Mon père et Dieu le Père
D’Abraham à Ramon, de Priam au roi Lear,
Les poètes fameux ont célébré le père,
Ce roi de droit divin, qui par toute la terre
Détient le seul pouvoir qu’on ne peut abolir.
Beau fut le mien, pareil en sa secrète gloire
Qui ne dépassait pas la cendre du foyer,
À ces graves pasteurs des siècles tout premiers
Qu’ont évoqués la Bible et la plus vieille histoire.
Plus grand que le plus grand de nous, c’était le chef,
Image de ce Dieu qui jadis le fit naître
D’un autre père, ainsi que lui souverain maître,
Qui menait sa maison d’un geste et d’un mot bref.
Je le craignais autant que je l’aimais. On aime
Toujours avec transport, mais non pas sans effroi,
Tout reflet de Celui qu’on nomme Roi des rois
Et qui garde en sa main la puissance suprême.
Le sein de notre mère était l’asile chaud
Où l’on brave la peine en oubliant la vie,
Tandis que retentit à l’oreille ravie
La berceuse apaisante ou les suaves mots
Des séculaires chants, harmonieux et beaux,
Transmis de mère en fille au fil des ans qui fuient.
Mais quand le père ouvrait sur nous ses larges bras
De bien moins douce, mais de bien plus forte étreinte,
Notre cœur tressaillait d’orgueil, ivre de crainte,
Comme si le Seigneur était passé par là.
Or, maintenant, mon Dieu, je songe que cet homme,
Si cher, si beau, si fort, si grand,
Dont je reste ici-bas le fils selon le sang
Et que, comme jadis aujourd’hui je ne nomme
Qu’avec un saint respect et le cœur tout tremblant,
Ne fut pour vous, Seigneur, qu’une humble créature,
Qu’un tout petit enfant, débile Éliacin,
Malheureux comme Adam exilé du jardin,
En proie à tous les maux de l’humaine nature.
Seigneur, unique Père et seul Maître, mon Dieu,
Si grand fût-il, mon père à peine fut votre ombre.
Seul vous êtes parfait. Nul homme ne dénombre
Les rayons des regards qui tombent de vos yeux.
Il faut que vous soyez de grandeur sans mesure
Pour dépasser mon père et le réduire à rien.
Quel est donc votre amour pour effacer le sien ?
Je ne vois plus en lui qu’une pâle figure
De vos perfections, Seigneur, Père Divin.
Je n’aimerai donc plus mon père qu’en vous-même,
Car il ne fut mon père et je ne fus son fils
Qu’autant que vos décrets, mon Dieu, l’avaient permis
De toute éternité, bien avant l’aube extrême
Des premiers jours du monde et du frais paradis.
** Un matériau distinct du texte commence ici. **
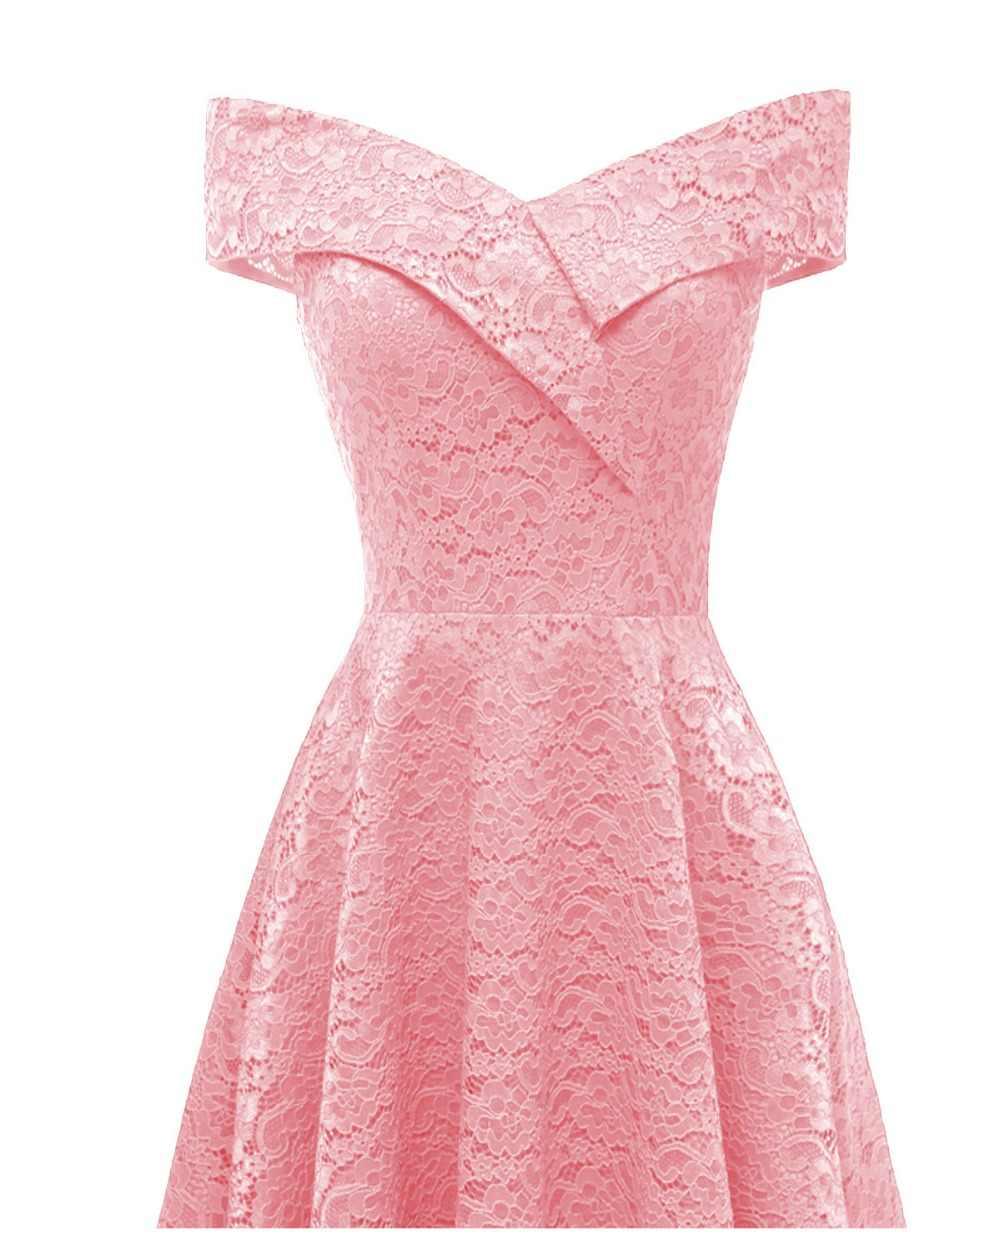 CD18 # boot-ausschnitt Rosa Kurze Spitze Brautjungfer Kleider hochzeit  kleid kleid prom großhandel Braut Hochzeit Toast kleidung China
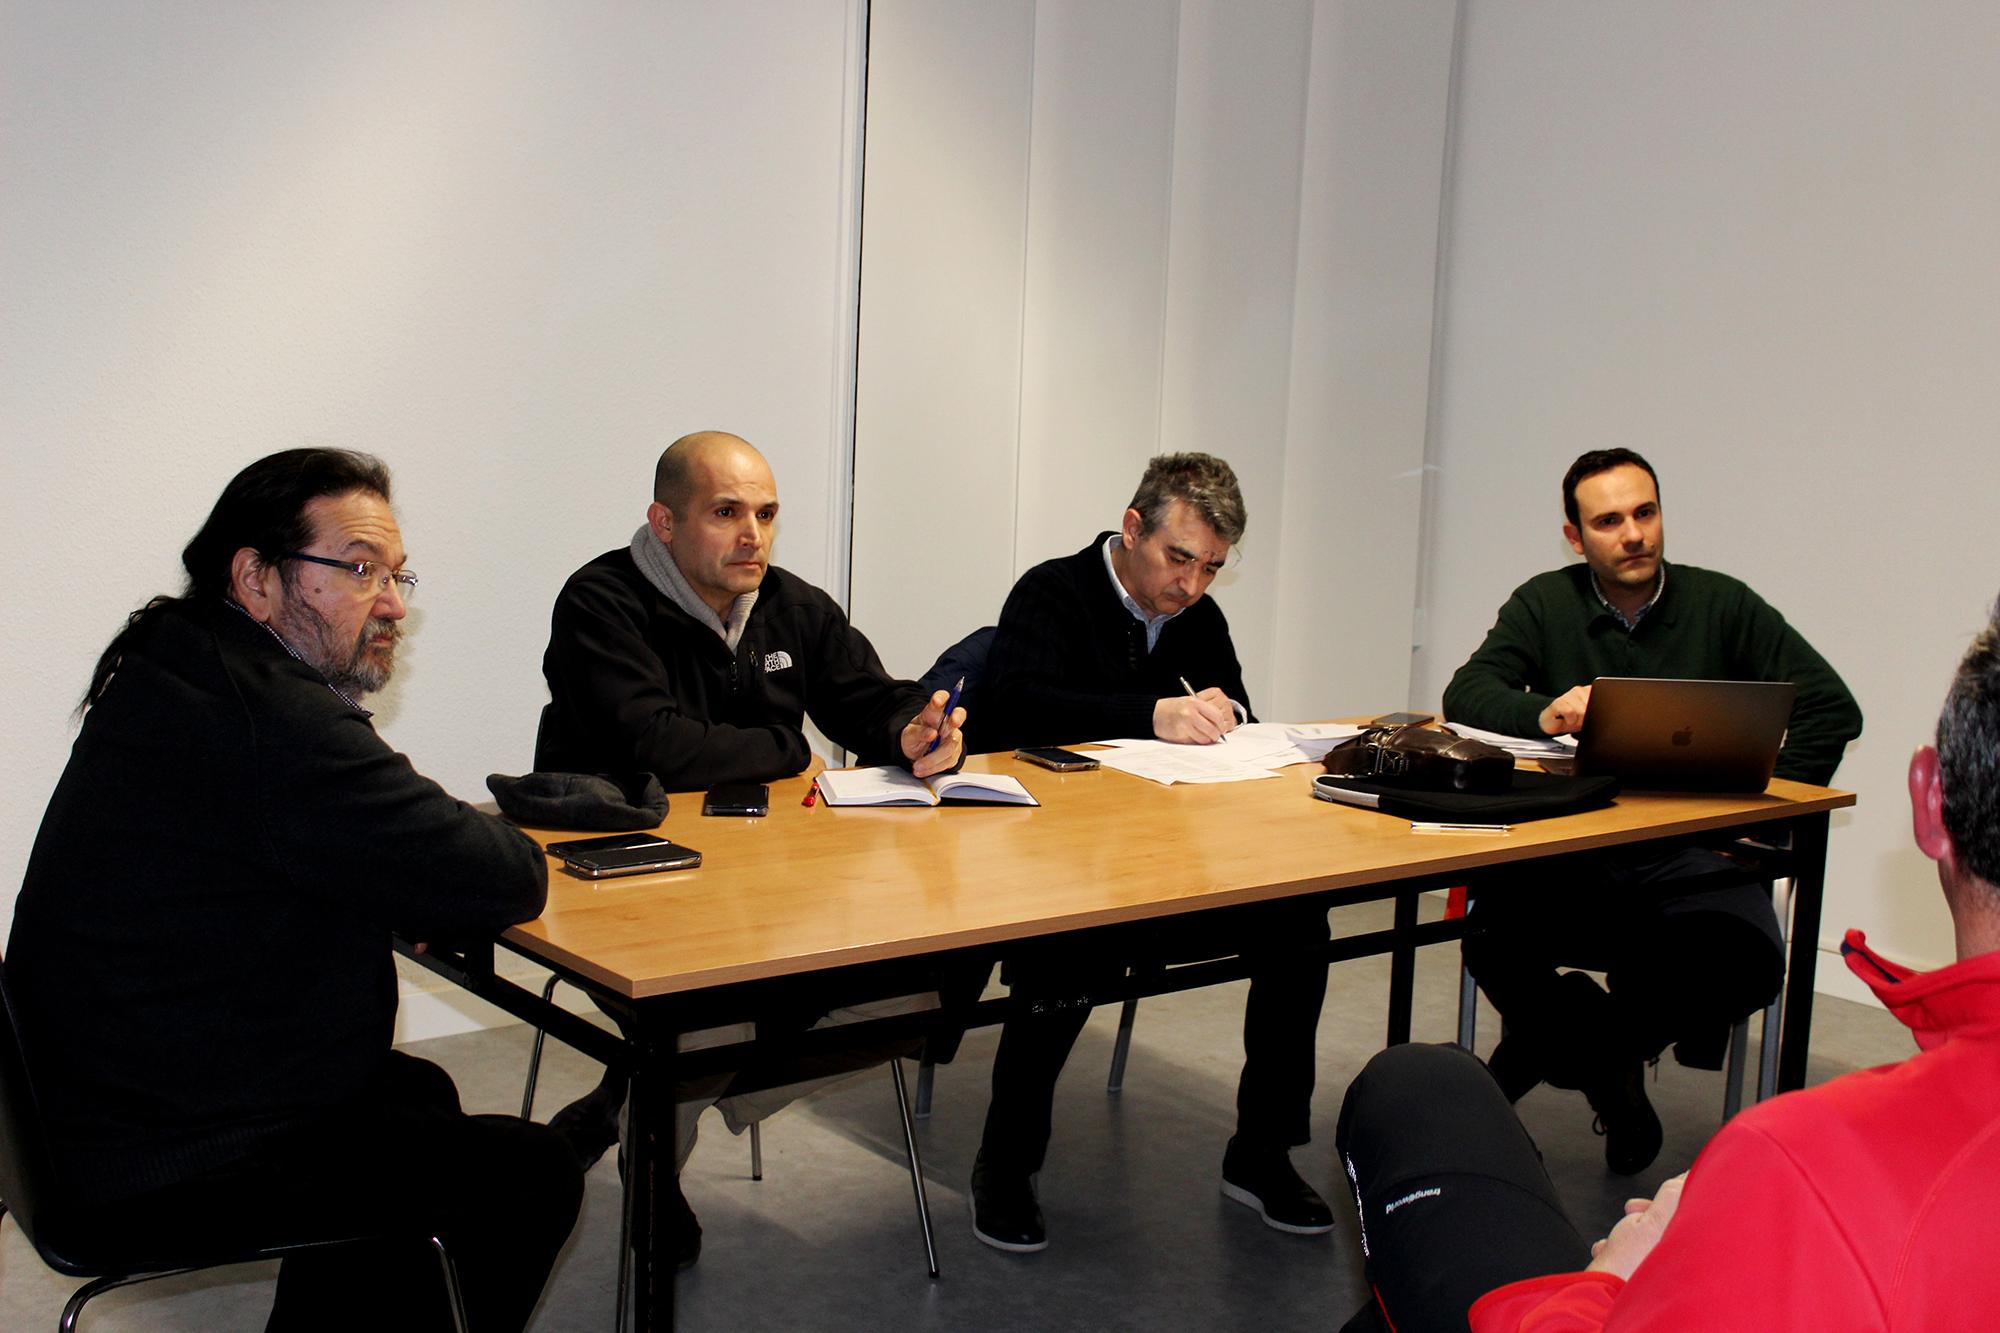 Ahir va tindre lloc la reunió del Consell Agrari Local.

Recevez, ô mon Dieu, l’offrande misérable
De ma pauvre âme lâche et pleine de péchés.
Je vous possède enfin, vous ayant tant cherché.
J’aimerai d’autant mieux les hommes, mes semblables.
José VINCENT.
Recueilli dans Poètes de Jésus-Christ,
poésies rassemblées par André Mabille de Poncheville,
Bruges, Librairie de l’Œuvre Saint-Charles, 1937.